The big ideas of computer science are much bigger than maker education. Here are three examples.

The questions that Alan Turing was trying to answer when he invented the Turing Machine were “What is computable? What are the limits of mathematics? What is not computable? Is even human intelligence computable?” These are as meta as you can get. This is the heart of computer science, as the science of abstraction. These aren’t ideas students currently explore in maker education. Maybe they could, but certainly don’t require a maker context.

One of the most powerful ideas associated with Turing Machines is that any computer can simulate any other computer, including being many other computers with many processes. That’s the big idea that Alan Perlis was talking about in 1961 when he talked about computer science as the study of process. That’s one of the big ideas behind object-oriented programming as Alan Kay defined it.  We don’t explore simulation in maker education, and it’s hard to imagine how we might.


Ada Lovelace was the world’s first computer programmer. More than that, she was the first to realize that computers were about programming anything. Quoting from her Wikipedia page:

Ada saw something that Babbage in some sense failed to see. In Babbage’s world his engines were bound by number…What Lovelace saw—what Ada Byron saw—was that number could represent entities other than quantity. So once you had a machine for manipulating numbers, if those numbers represented other things, letters, musical notes, then the machine could manipulate symbols of which number was one instance, according to rules. It is this fundamental transition from a machine which is a number cruncher to a machine for manipulating symbols according to rules that is the fundamental transition from calculation to computation—to general-purpose computation—and looking back from the present high ground of modern computing, if we are looking and sifting history for that transition, then that transition was made explicitly by Ada in that 1843 paper.

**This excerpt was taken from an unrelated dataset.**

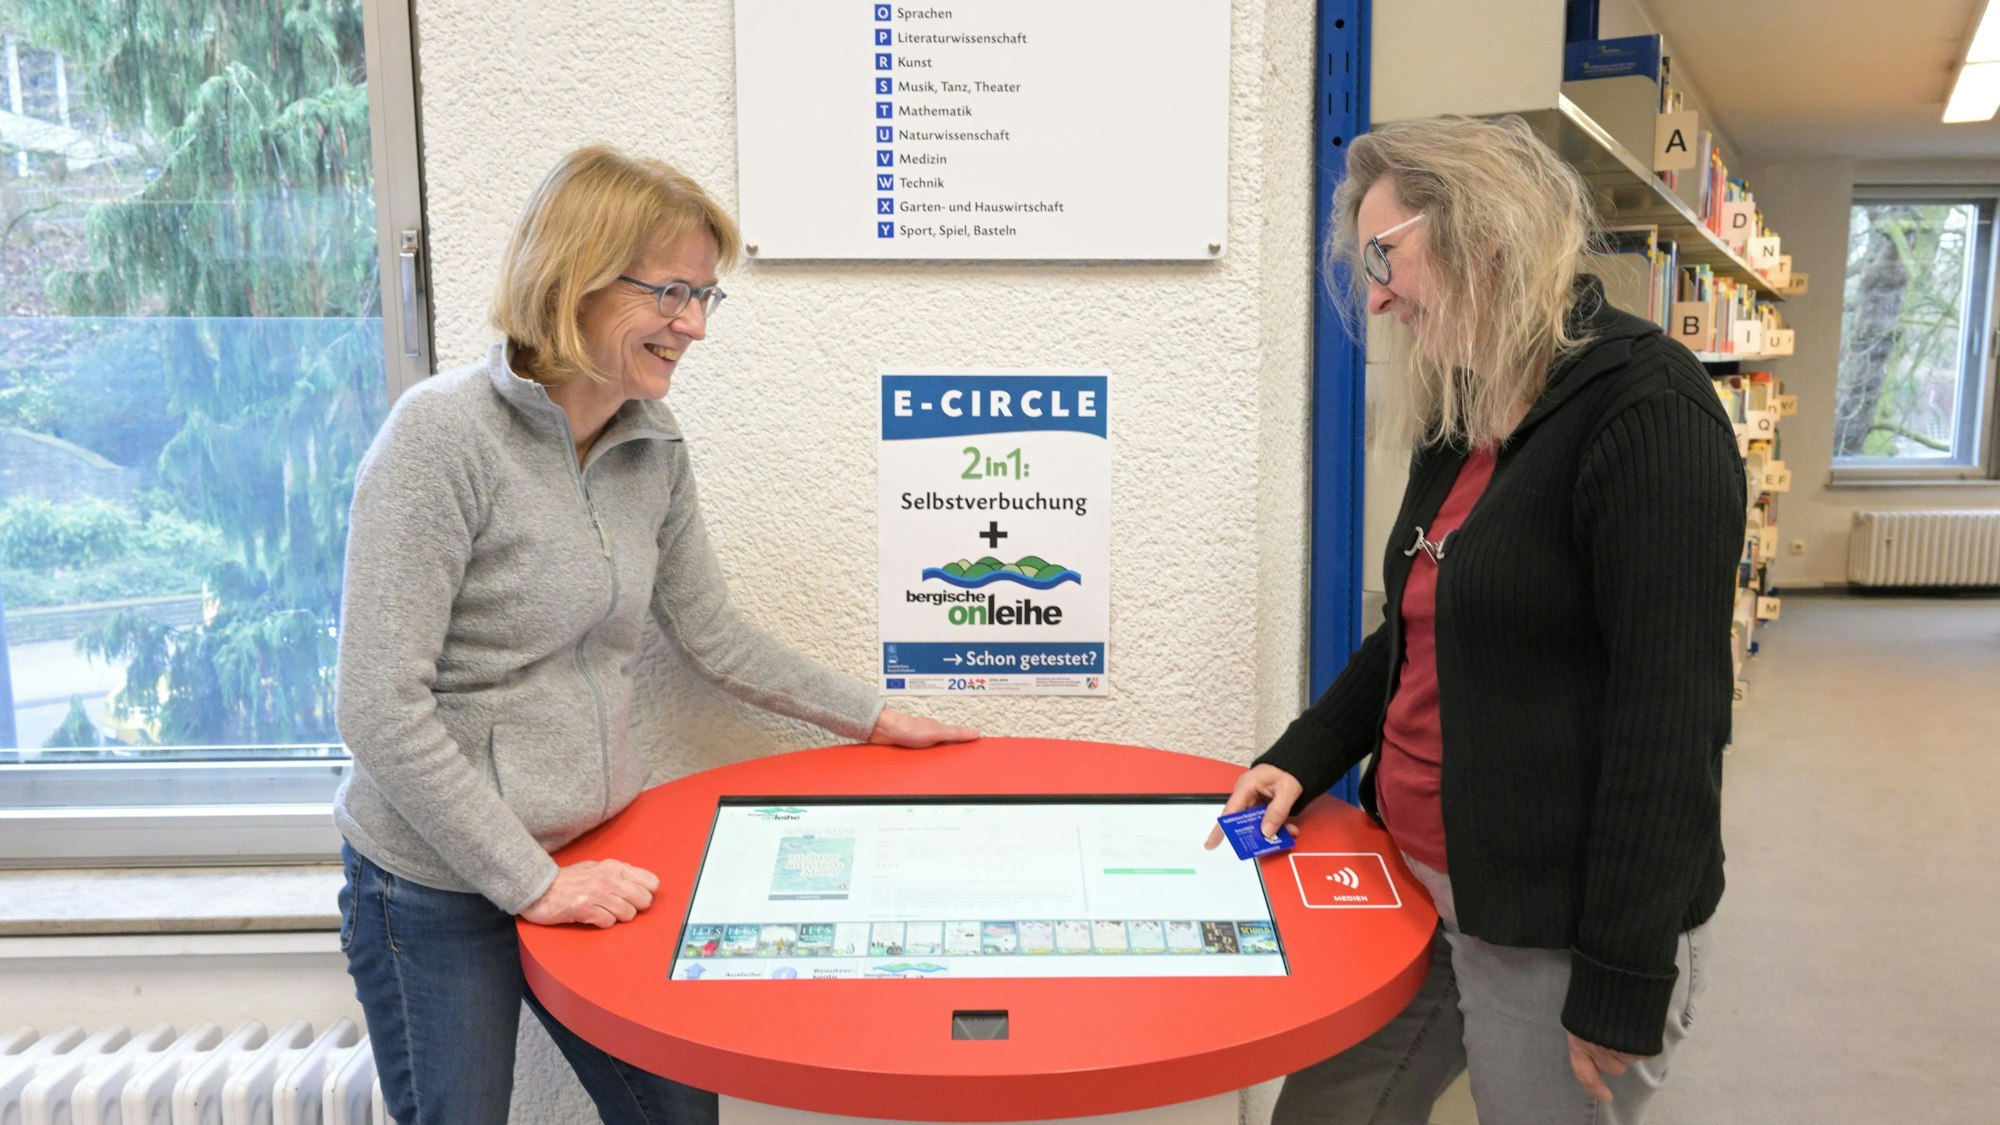 Monika Gippert (l.) und Sabine Lorenz erklären, wie das neue Buchungsgerät ECircle funktioniert.

Maker education isn’t about general computation. It’s about computing associated with sensors and actuators. Computer science education is about computing everything, from numbers to letters to musical notes. Having to connect the computation to a device made by the student limits the space of what you might compute. Computer science is about representation and abstractions on representations. Everything can be defined in terms of bits. That’s a big idea.  You can probably teach that concept in maker education, but it can be taught (and more easily) without tying it to maker education.

Most of us know Grace Hopper’s name today, but probably more for her iconic status and as the namesake for the Grace Hopper Conference than for what she actually did. Admiral Grace Hopper led the effort to create compiled programming languages, including (eventually) COBOL. There are so many big ideas in here, but let’s just take two.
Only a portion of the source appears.